----- Exercise data -----

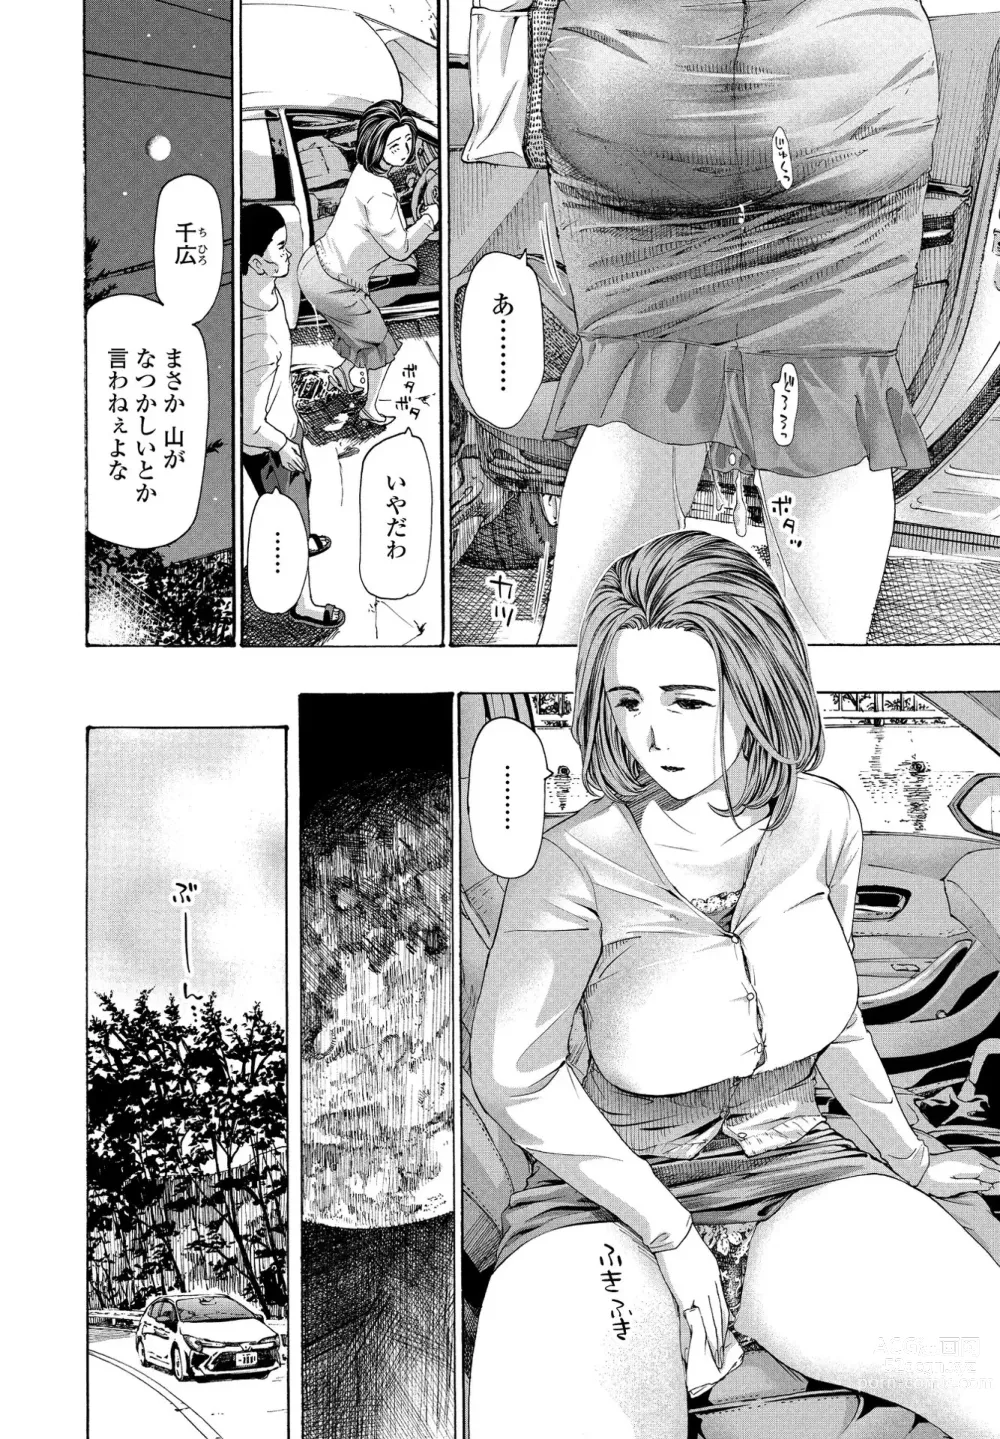 Page 58 of manga Hinangoya nite
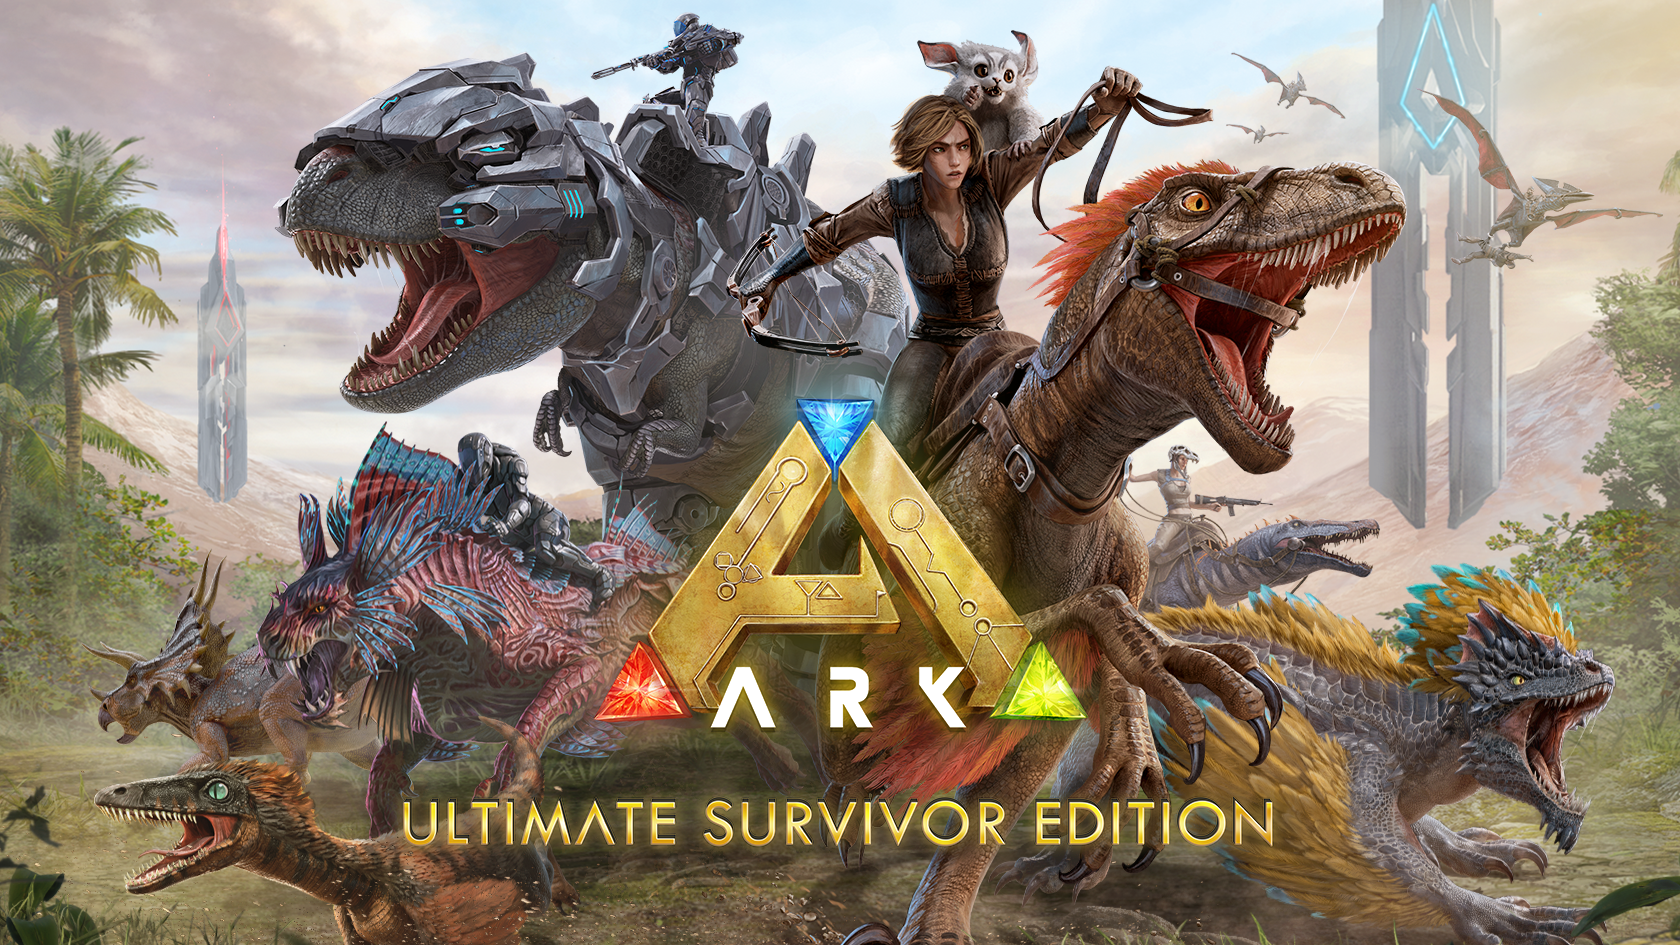 Ark II Leaked Gameplay : r/ARK
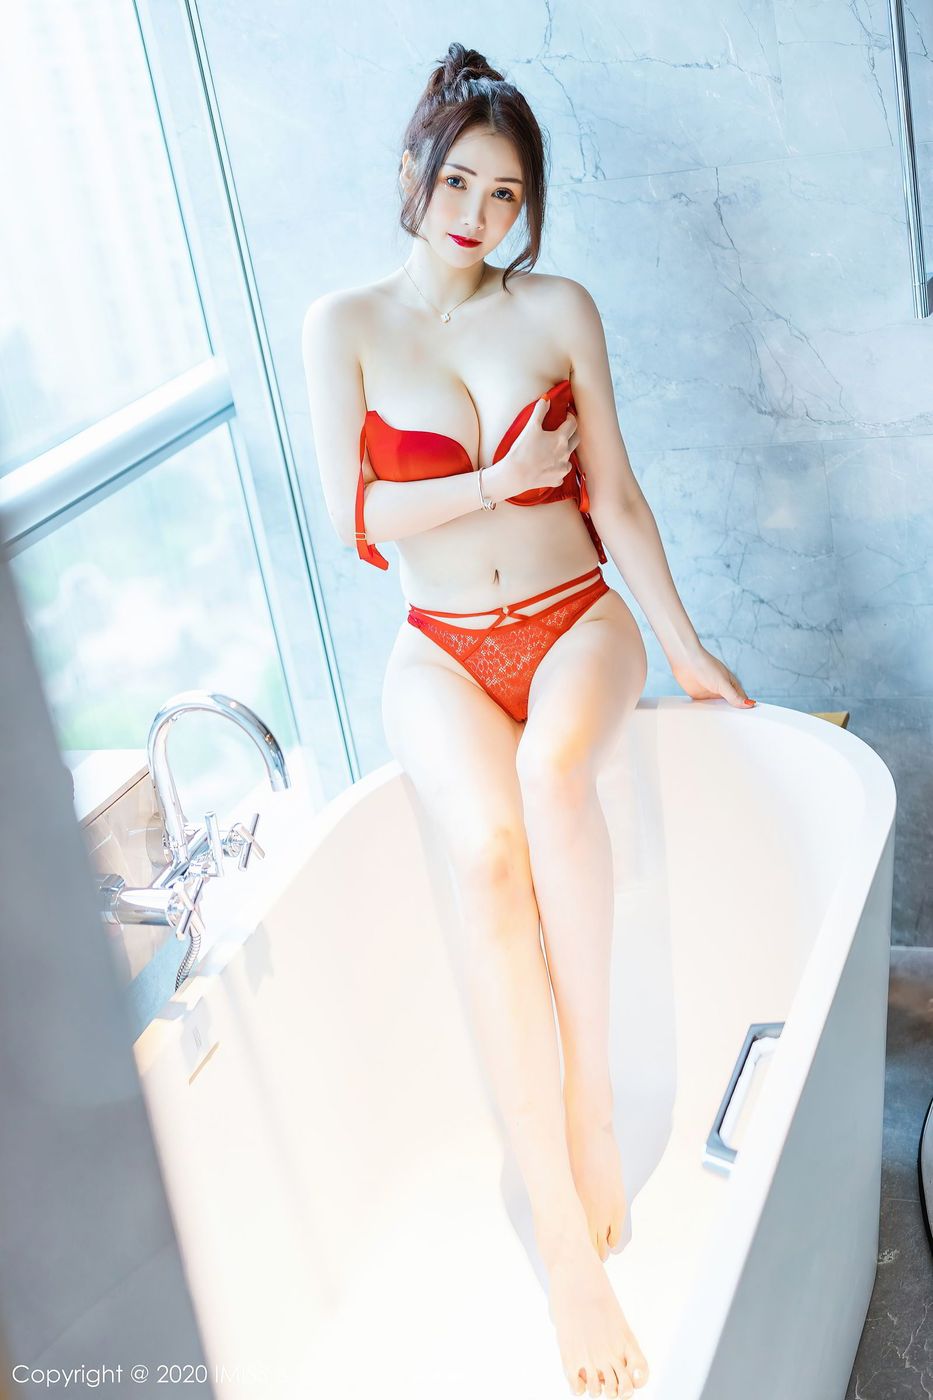 美女模特Evon陈赞之丰满身材熟女气息人间胸器套图
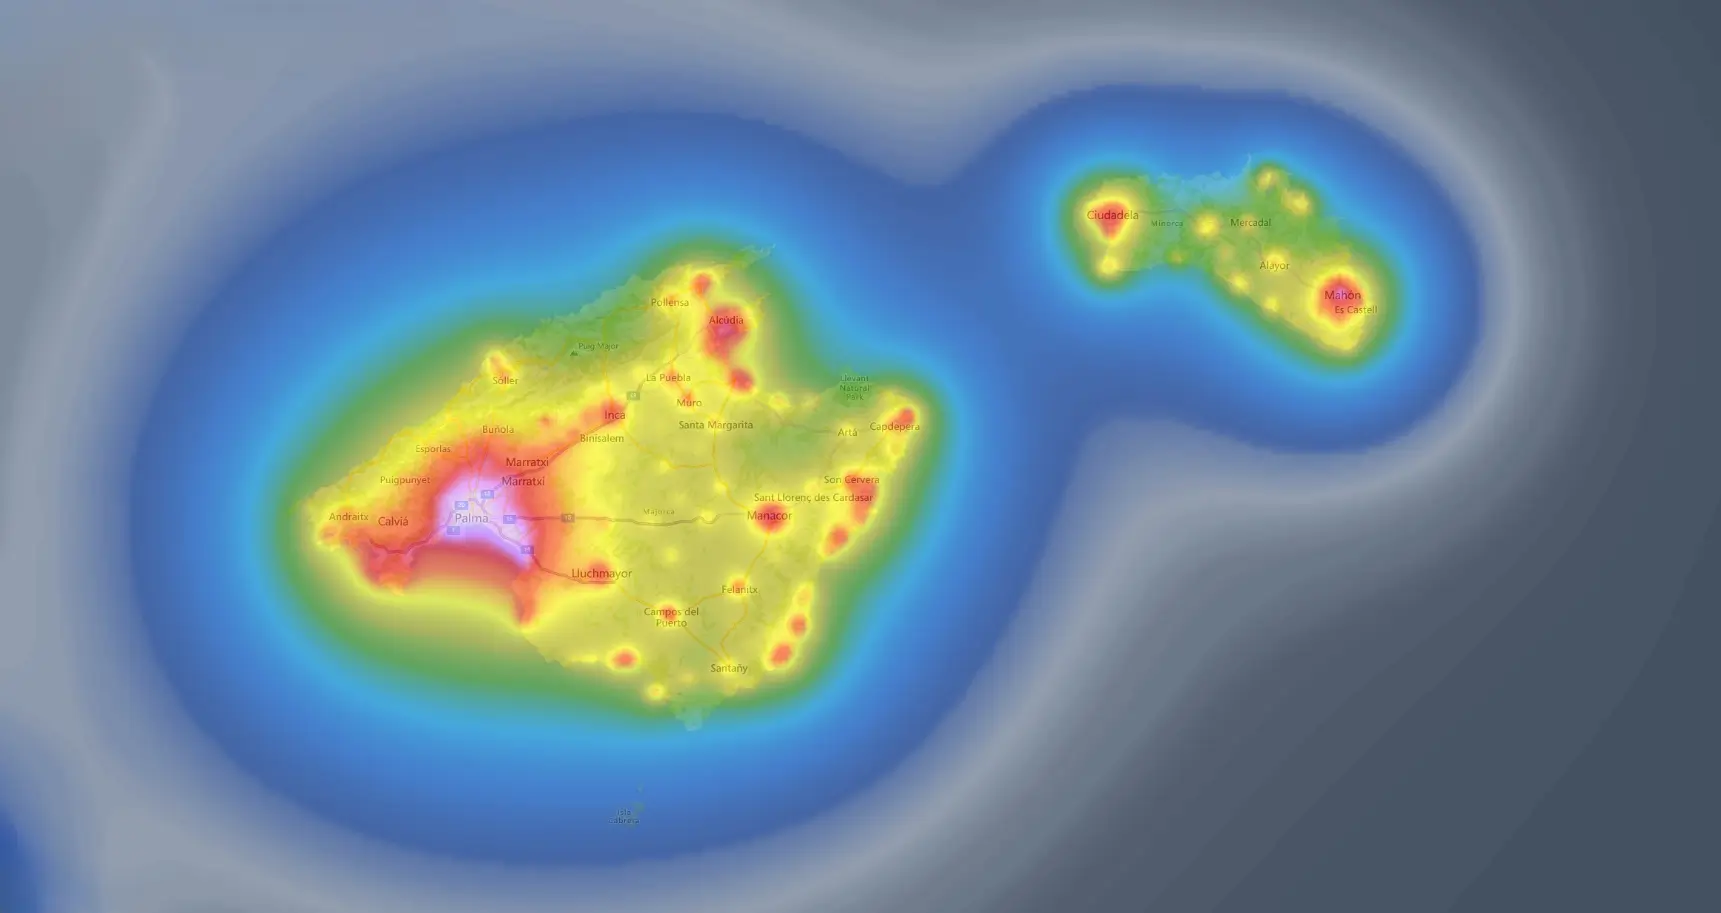 El mapa lumínico de Baleares muestra los lugares con mayor contaminación lumínica de las islas.

-----

### Task description
Pictures do not belong in the copy. Reproduce the rest of the data exactly.

### Result
 Page 58 of manga Hinangoya nite
 Ark II Leaked Gameplay : r/ARK
 美女模特Evon陈赞之丰满身材熟女气息人间胸器套图
 El mapa lumínico de Baleares muestra los lugares con mayor contaminación lumínica de las islas.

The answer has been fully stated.